[EXERCISE DATA Boundary: Start]
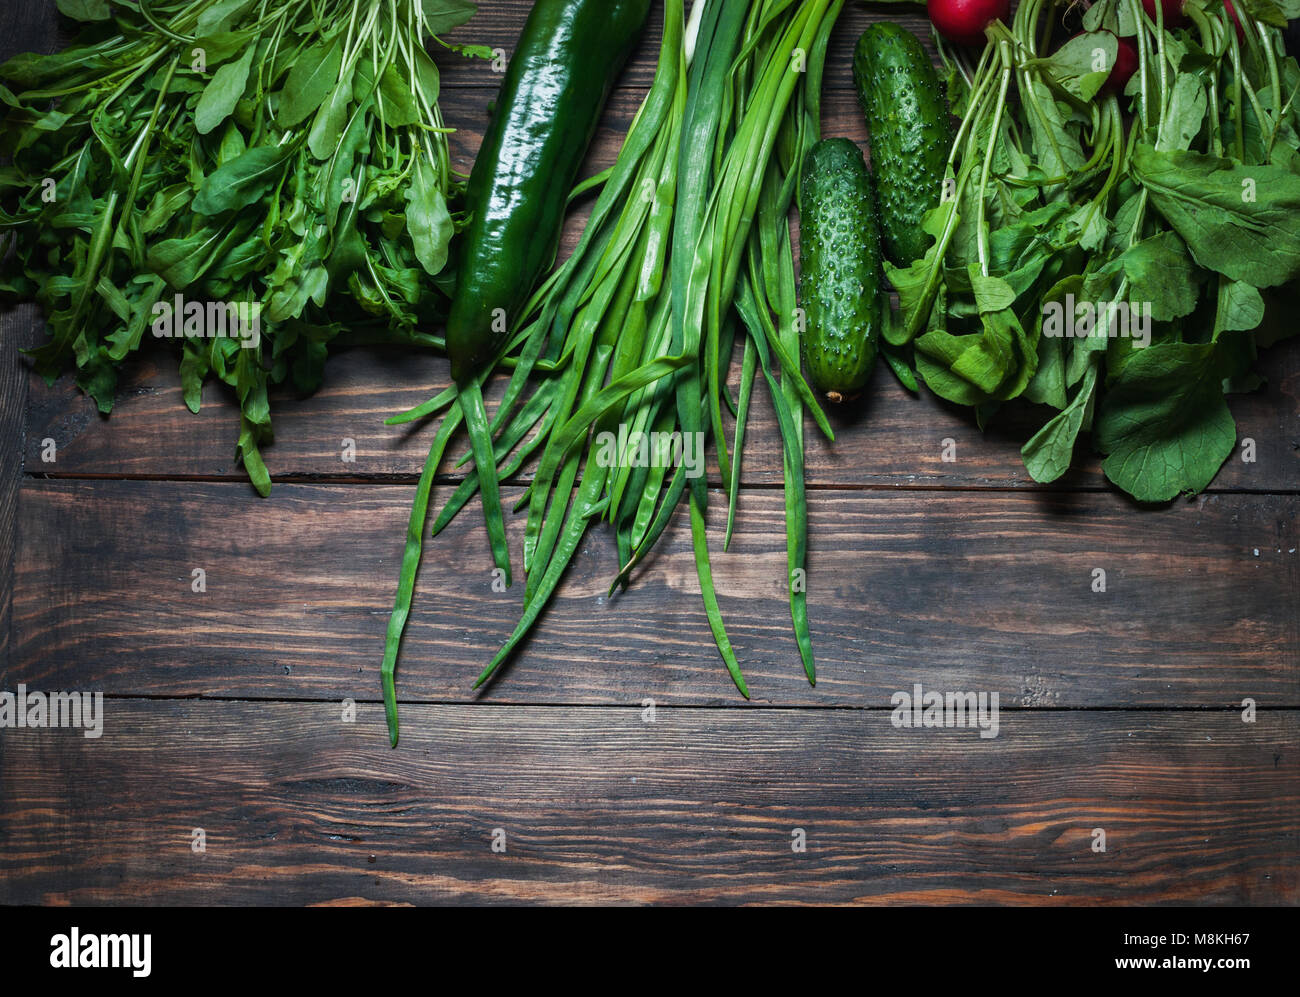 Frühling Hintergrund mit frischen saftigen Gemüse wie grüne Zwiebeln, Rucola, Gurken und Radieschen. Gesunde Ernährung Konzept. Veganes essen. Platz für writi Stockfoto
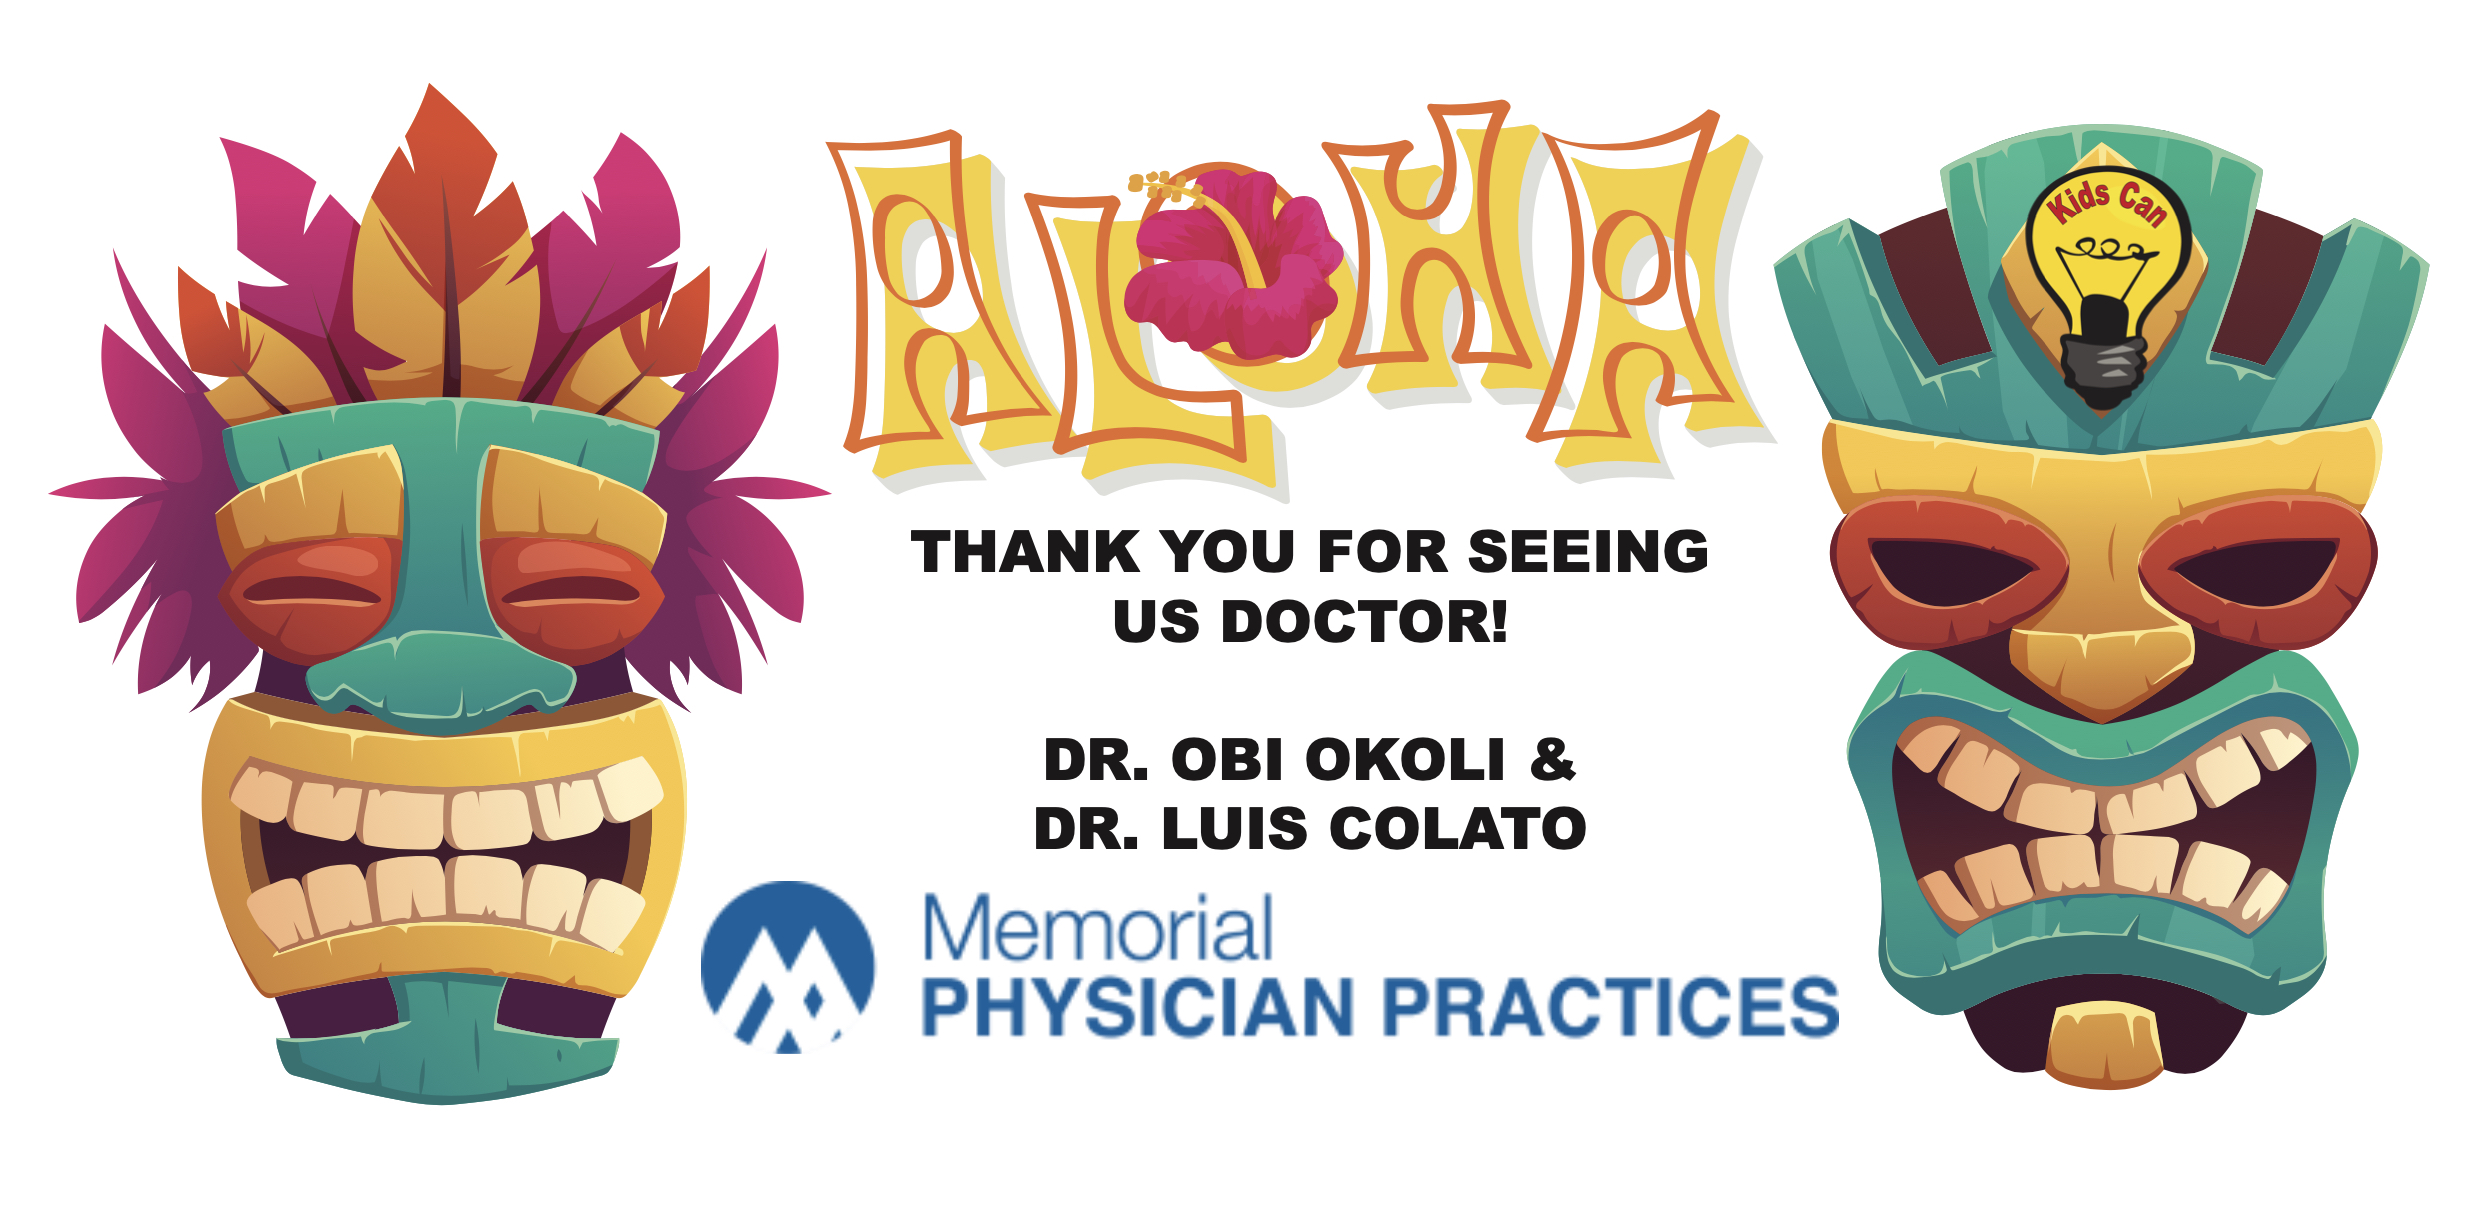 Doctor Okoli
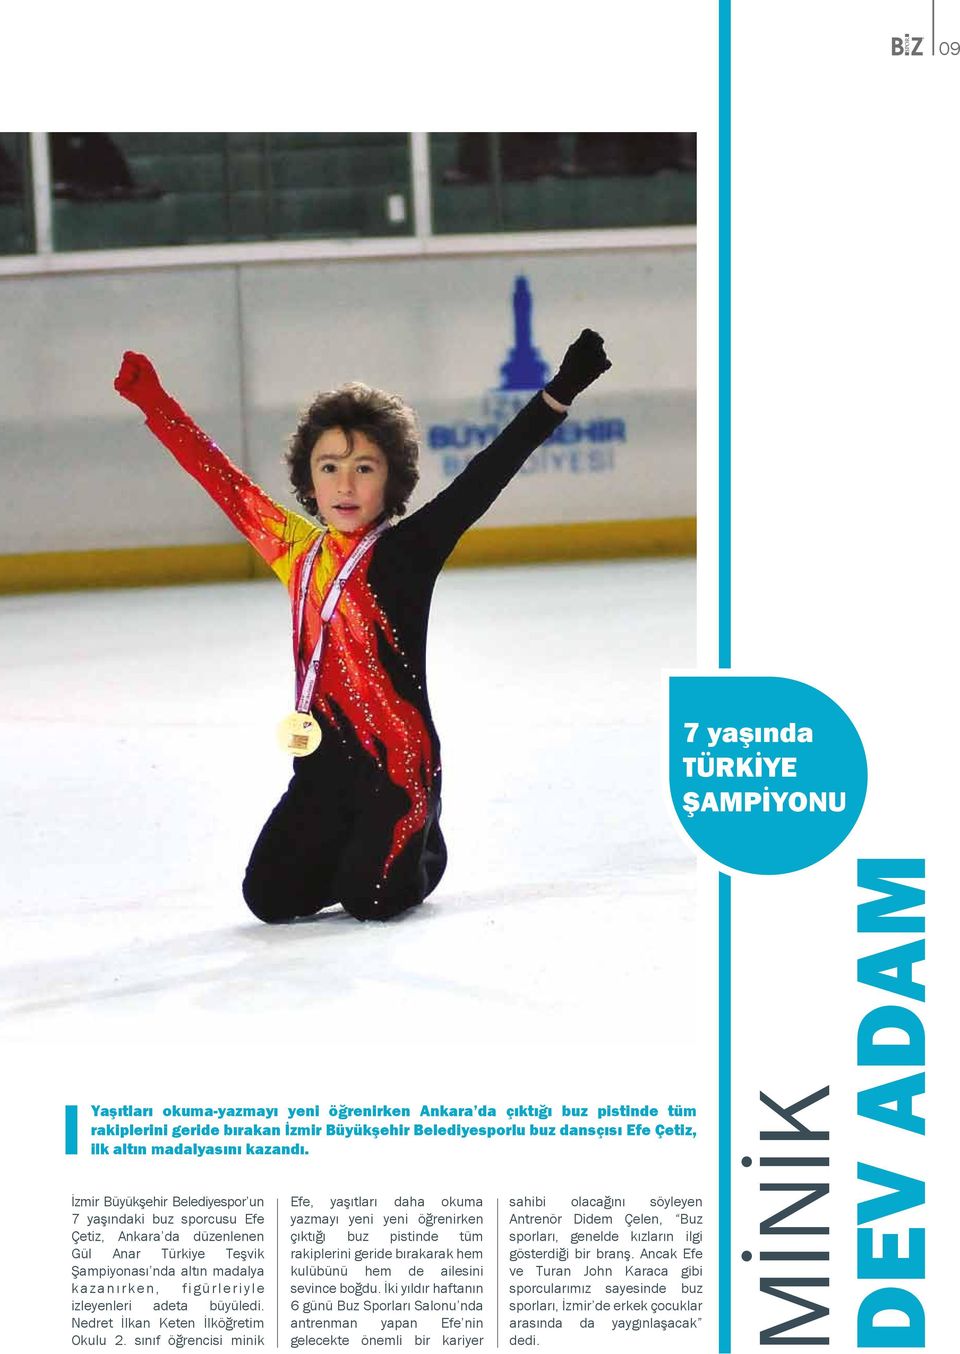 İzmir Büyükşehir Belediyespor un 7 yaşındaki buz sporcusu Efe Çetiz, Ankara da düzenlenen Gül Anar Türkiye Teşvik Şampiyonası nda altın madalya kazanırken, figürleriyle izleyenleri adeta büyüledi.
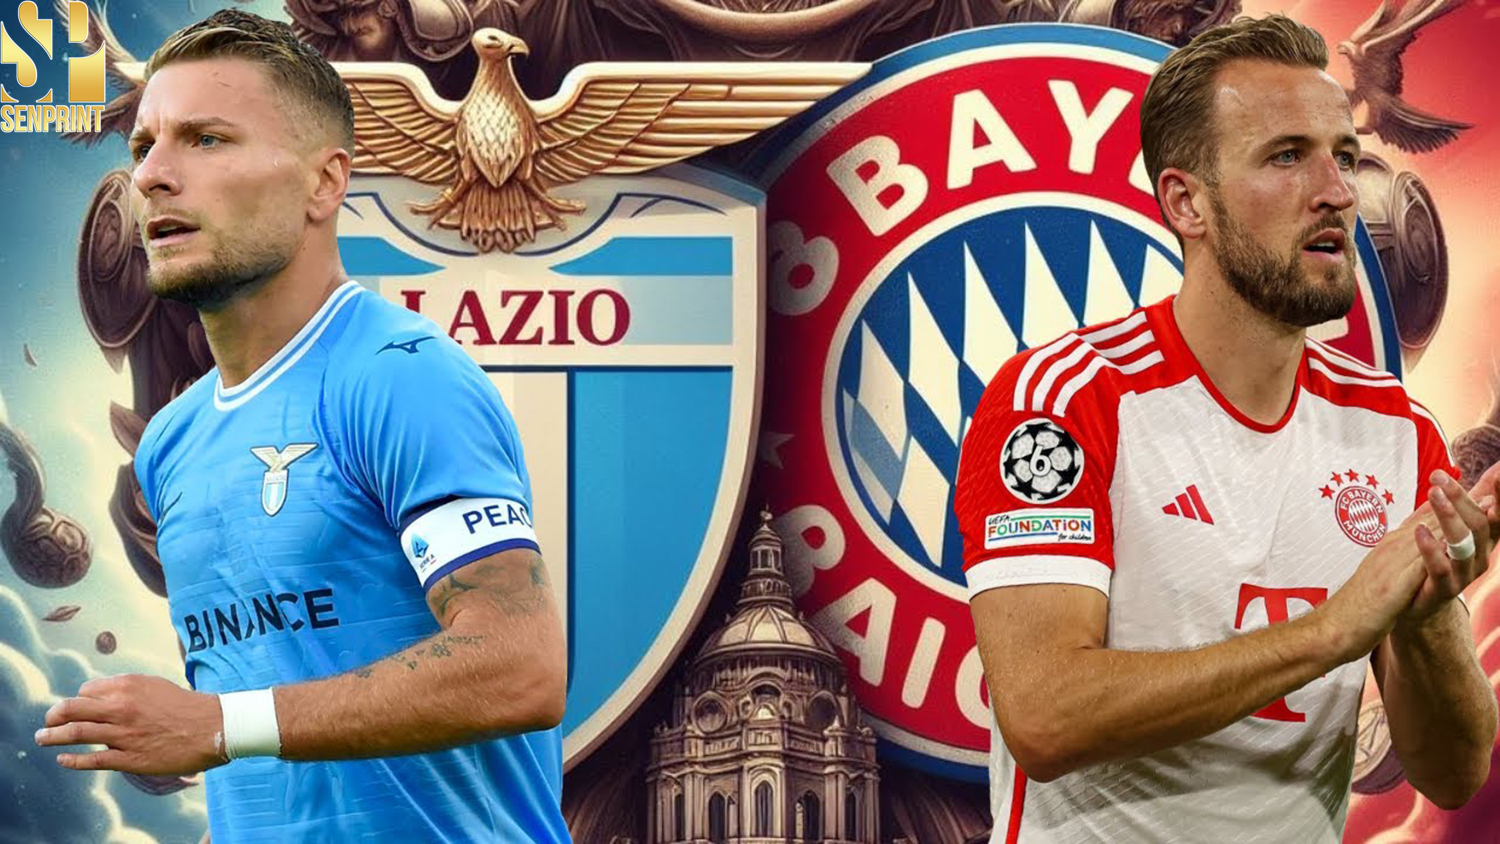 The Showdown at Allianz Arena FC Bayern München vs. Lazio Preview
[EXERCISE DATA Boundary: End]
WHAT IS REQUIRED. Once the pictures are set aside, give the rest of the material again unchanged.

RESULT OF THIS EXERCISE.
 Frühling Hintergrund mit frischen saftigen Gemüse wie grüne Zwiebeln, Rucola, Gurken und Radieschen. Gesunde Ernährung Konzept. Veganes essen. Platz für writi Stockfoto
 Doctor Okoli
 İzmir Büyükşehir Belediyespor un 7 yaşındaki buz sporcusu Efe Çetiz, Ankara da düzenlenen Gül Anar Türkiye Teşvik Şampiyonası nda altın madalya kazanırken, figürleriyle izleyenleri adeta büyüledi.
 The Showdown at Allianz Arena FC Bayern München vs. Lazio Preview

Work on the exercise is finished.